Their silence indicated that they agreed on that one point.

Erin pulled her feet up onto his lap under the blanket. “The hospital hasn’t called, which means we didn’t get any of the survivors.”

“That’s because there weren’t any.”

By the way she stiffened, he could tell that she hadn’t thought of that as an option. “How do you know?”

The cell phone footage aired on CNN and the telephoto shots of the Guggenheim on Fox had provided the broad strokes: the skylight and front doors had been blown out, but there was relatively little damage to the outside of the building. When you factored in more than five hundred victims so far, it meant that the blast had been designed to affect soft bodies, not hard surfaces. And there was only one kind of explosion that provided those two very specific data points. “Trust me.”
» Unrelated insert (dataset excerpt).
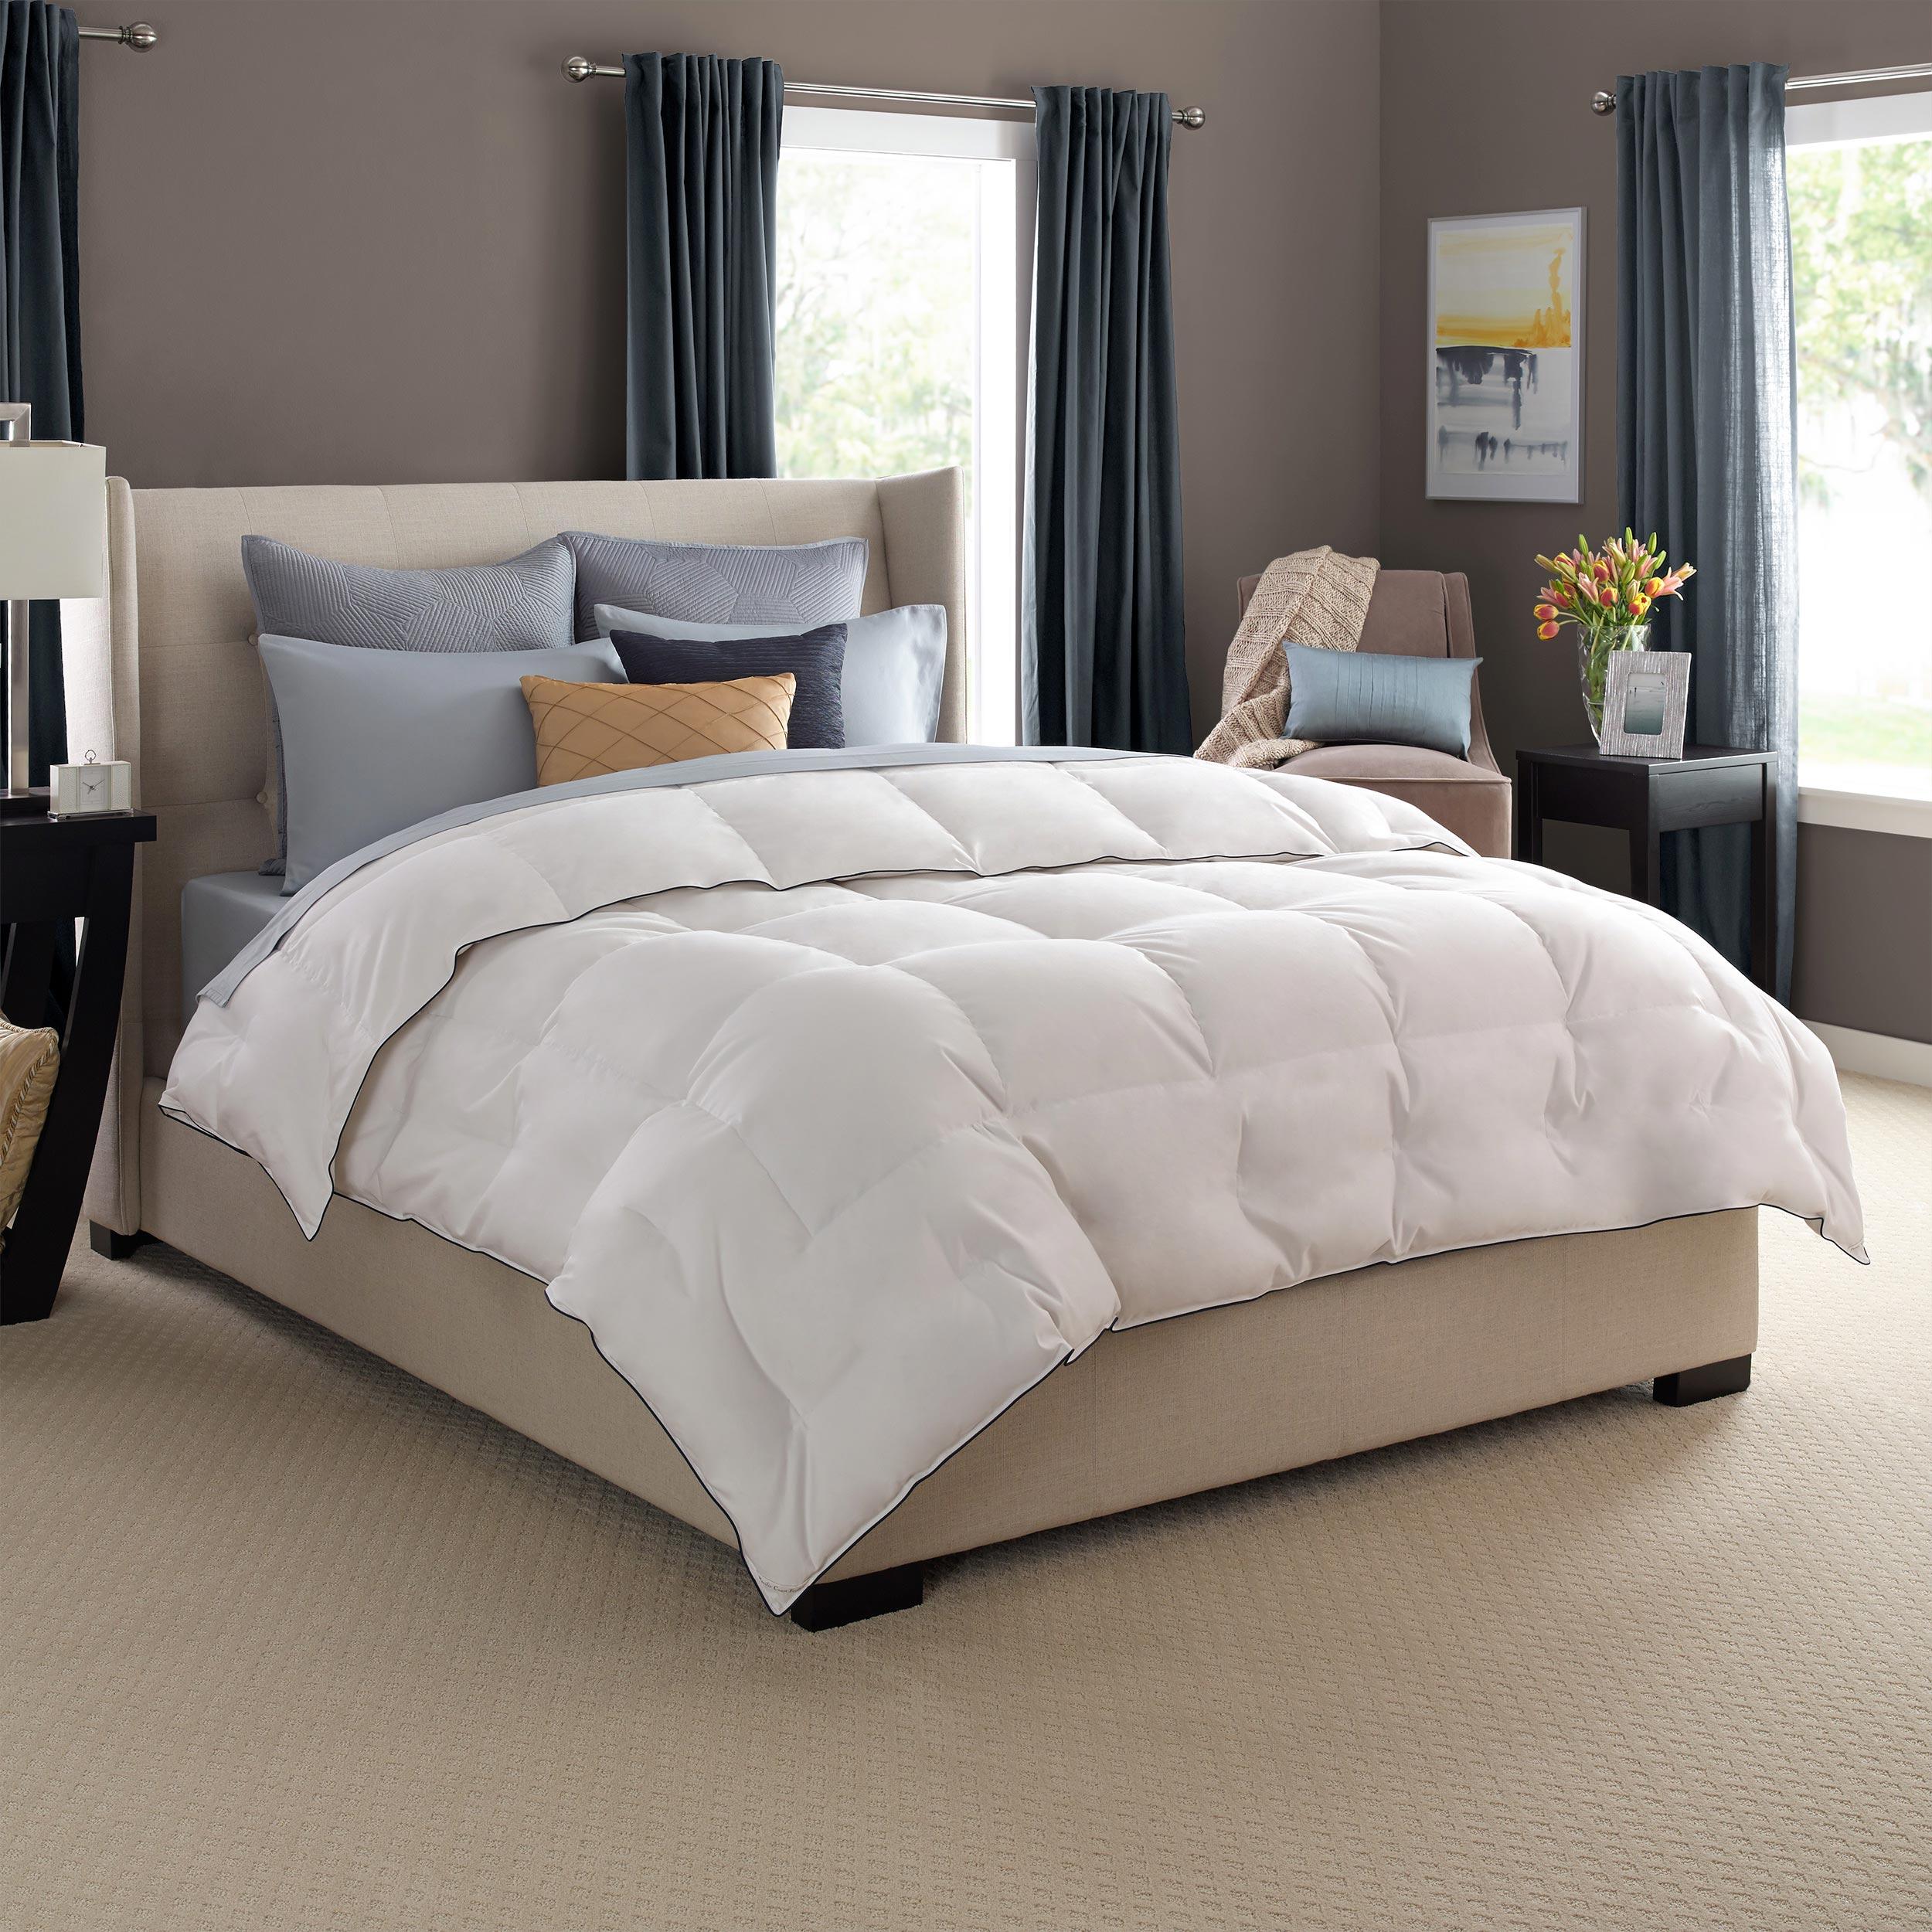 Pacific Coast® Online Bedding Stores Comforters

“Is that why you’re sitting out here, looking up at the sky that you seem to prefer over us humans much of the time?”

He could tell that she had reached the end of her rehearsed dialogue, which meant that she would either go back inside or ask him what she had been trying not to.
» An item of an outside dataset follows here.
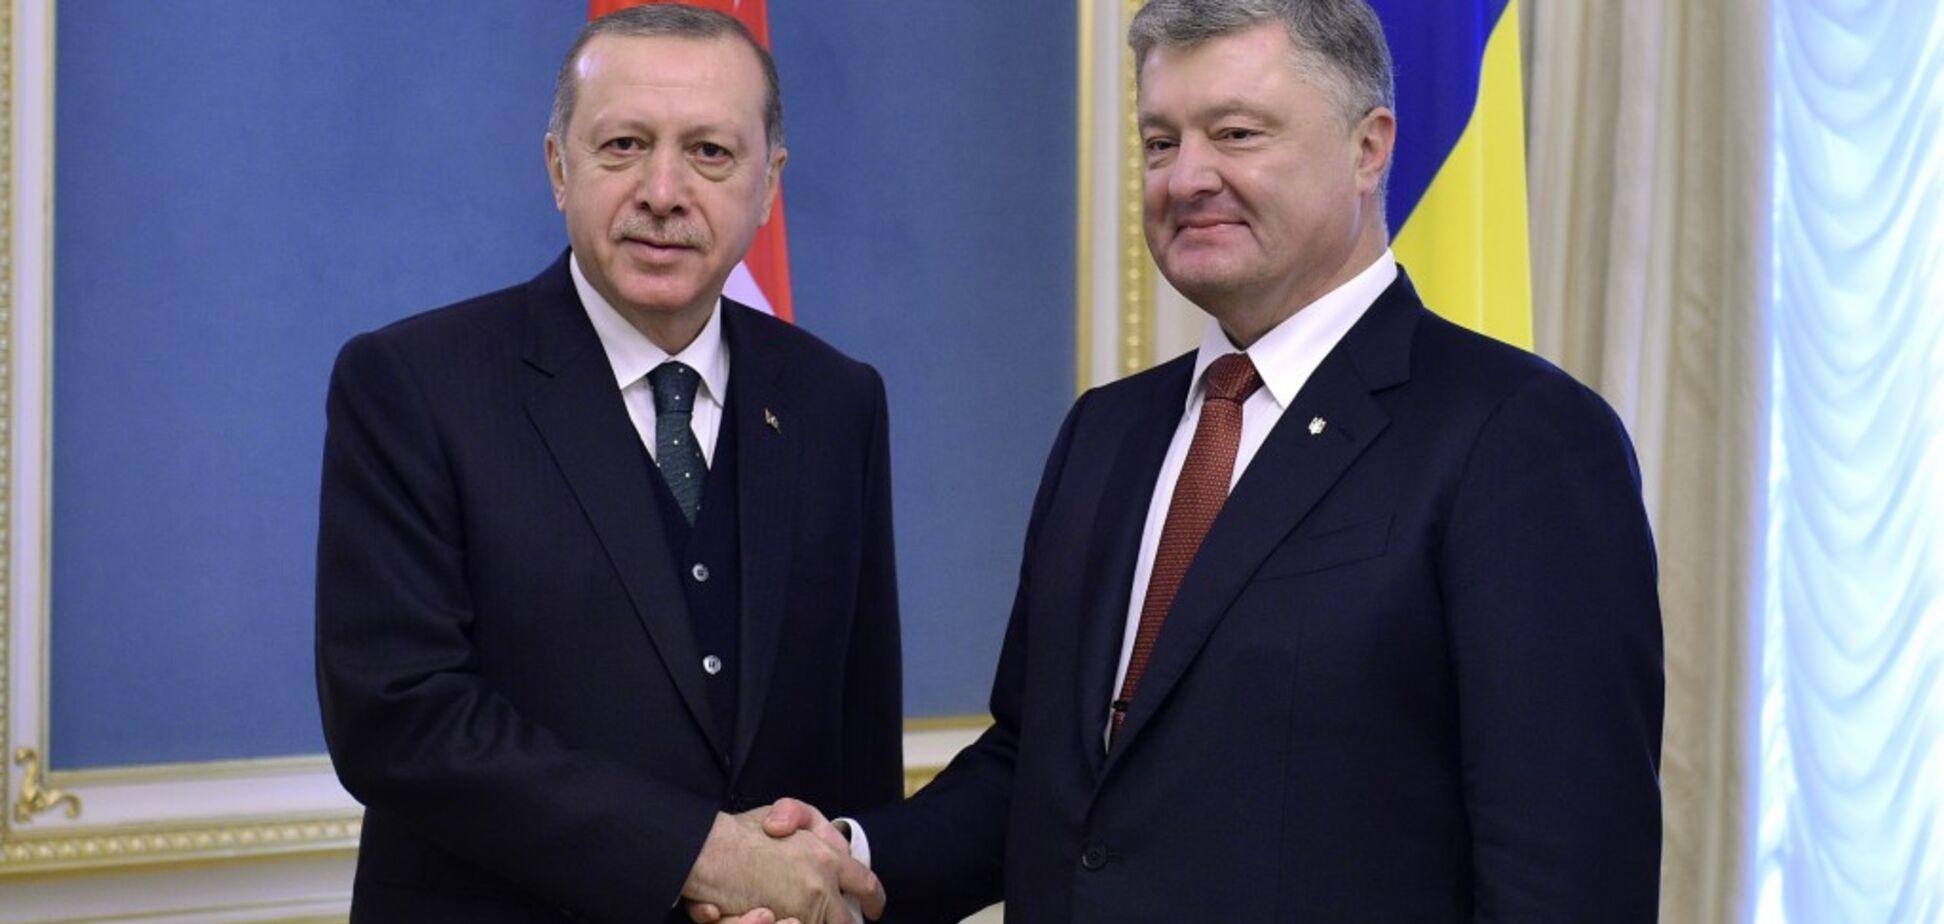 Козир проти Кремля: Туреччина і Україна вирішать підсумок двох воєн Росії

She rested her head on his shoulder. “You think they’ll call you?”

And there it was.

“I don’t do terrorists. At least not this kind.”

“Are you sure this was terrorism?”

“I’m not certain of anything at this point other than a lot of people were killed.”

“What humanity needs is a little more humanity.”

“What humanity needs is to finish what it started and go extinct.”

“Don’t be a cynic. I can live with your sarcasm, because a lot of the time it’s funny. But you’re too kind to be a cynic.”

“They’ll mobilize the entire American intelligence community to nail these people down. They might pull everyone out of mothballs, but this isn’t my field. This particular subset of people has a pretty standard operating procedure, and they’re not that smart—it’s just a matter of time until they get caught. The office might ask me to look at a few things. If that happens, I want you and the kids to stay here.” That was as honest as he could be.